DATA SHOWN —
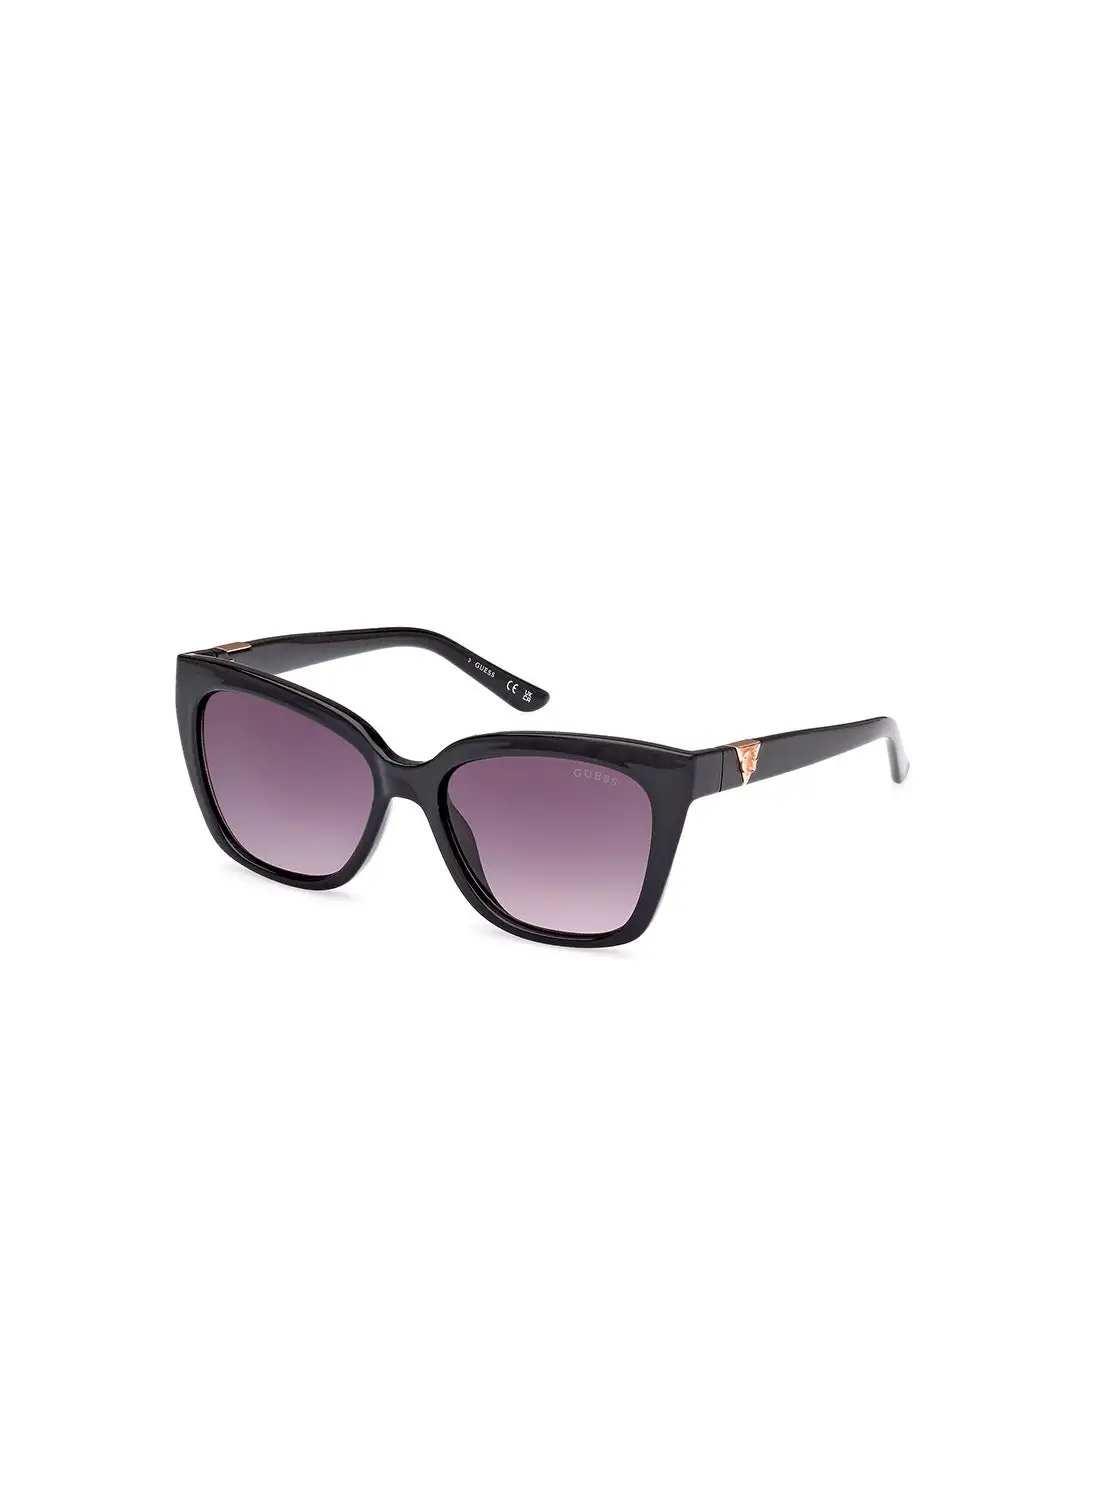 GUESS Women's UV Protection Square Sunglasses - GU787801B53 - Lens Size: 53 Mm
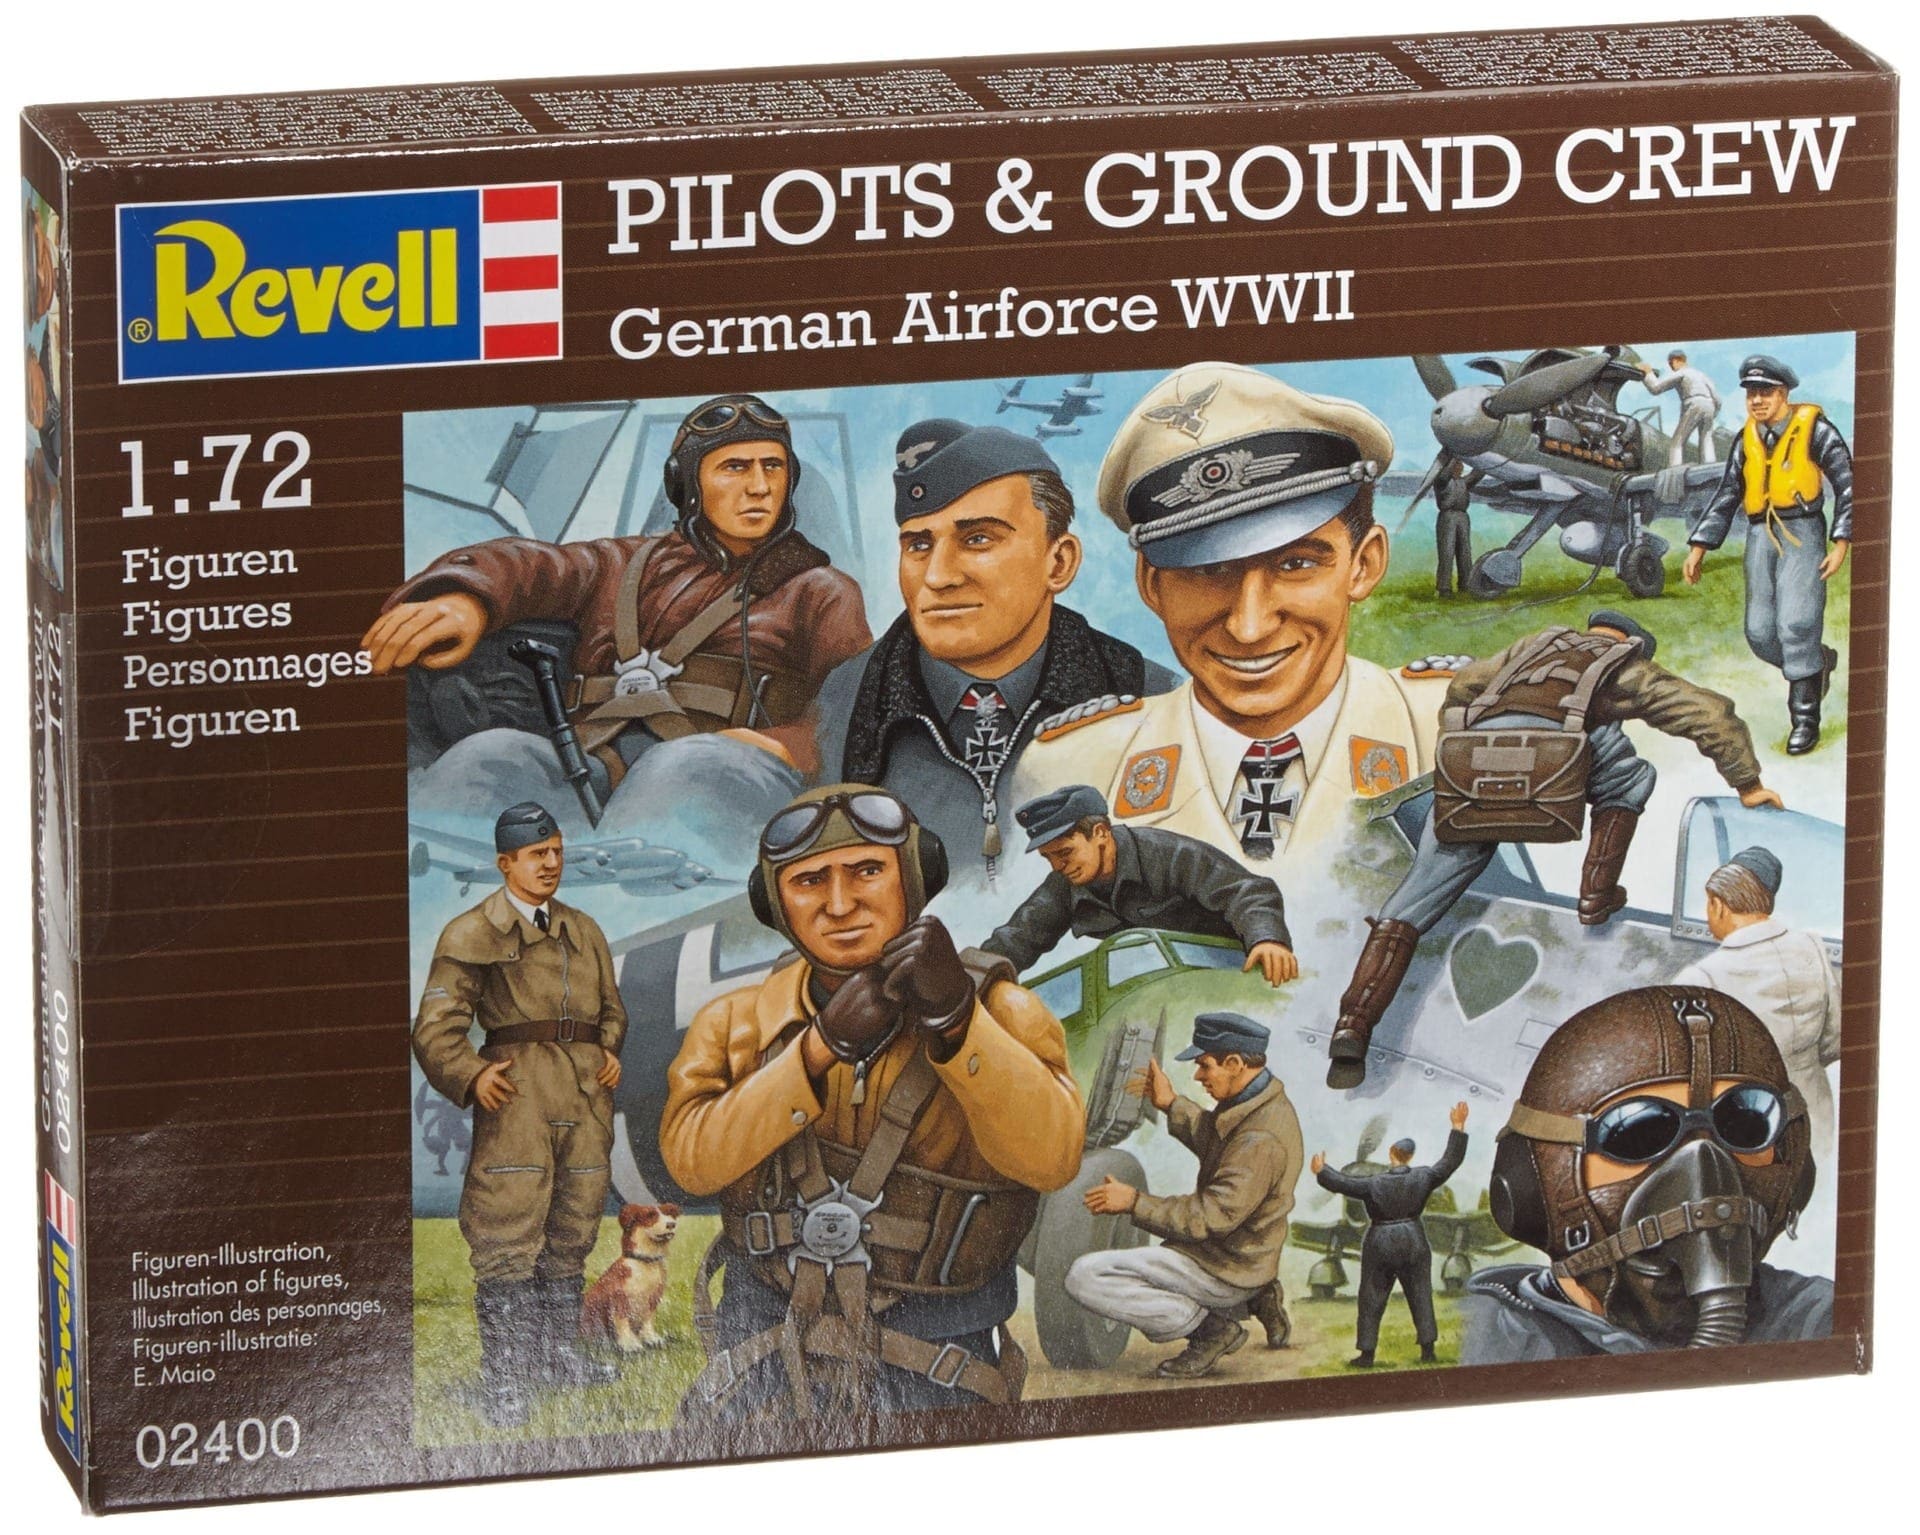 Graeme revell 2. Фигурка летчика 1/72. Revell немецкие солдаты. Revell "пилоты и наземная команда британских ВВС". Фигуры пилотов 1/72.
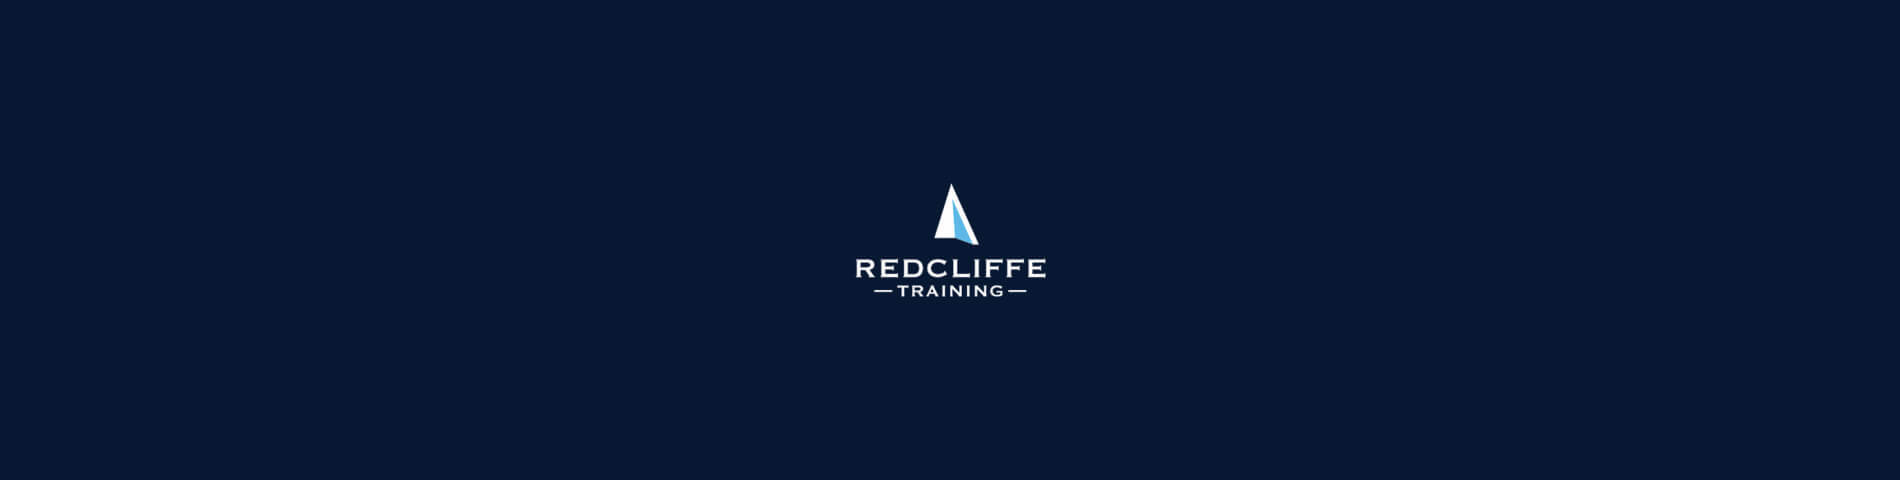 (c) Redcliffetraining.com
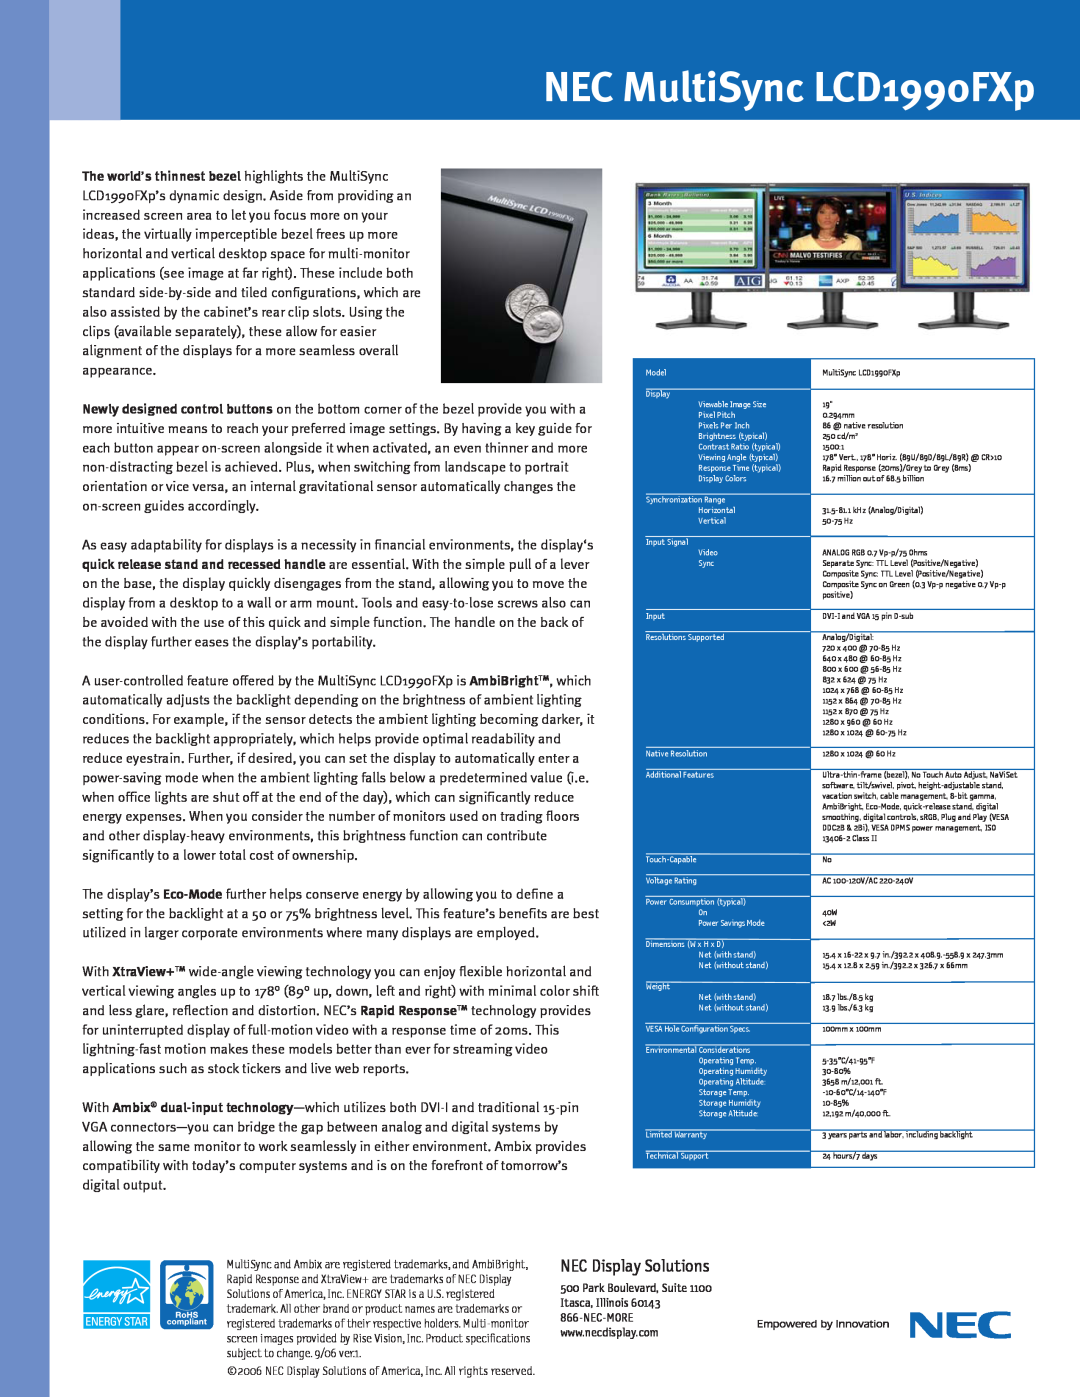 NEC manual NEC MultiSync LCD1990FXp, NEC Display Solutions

AIM OF THE TASK — An exact, word-for-word version of the material is required, free of pictures.

EXERCISE ANSWER —
 GUESS Women's UV Protection Square Sunglasses - GU787801B53 - Lens Size: 53 Mm
 Graeme revell 2. Фигурка летчика 1/72. Revell немецкие солдаты. Revell "пилоты и наземная команда британских ВВС". Фигуры пилотов 1/72.
 (c) Redcliffetraining.com
 NEC manual NEC MultiSync LCD1990FXp, NEC Display Solutions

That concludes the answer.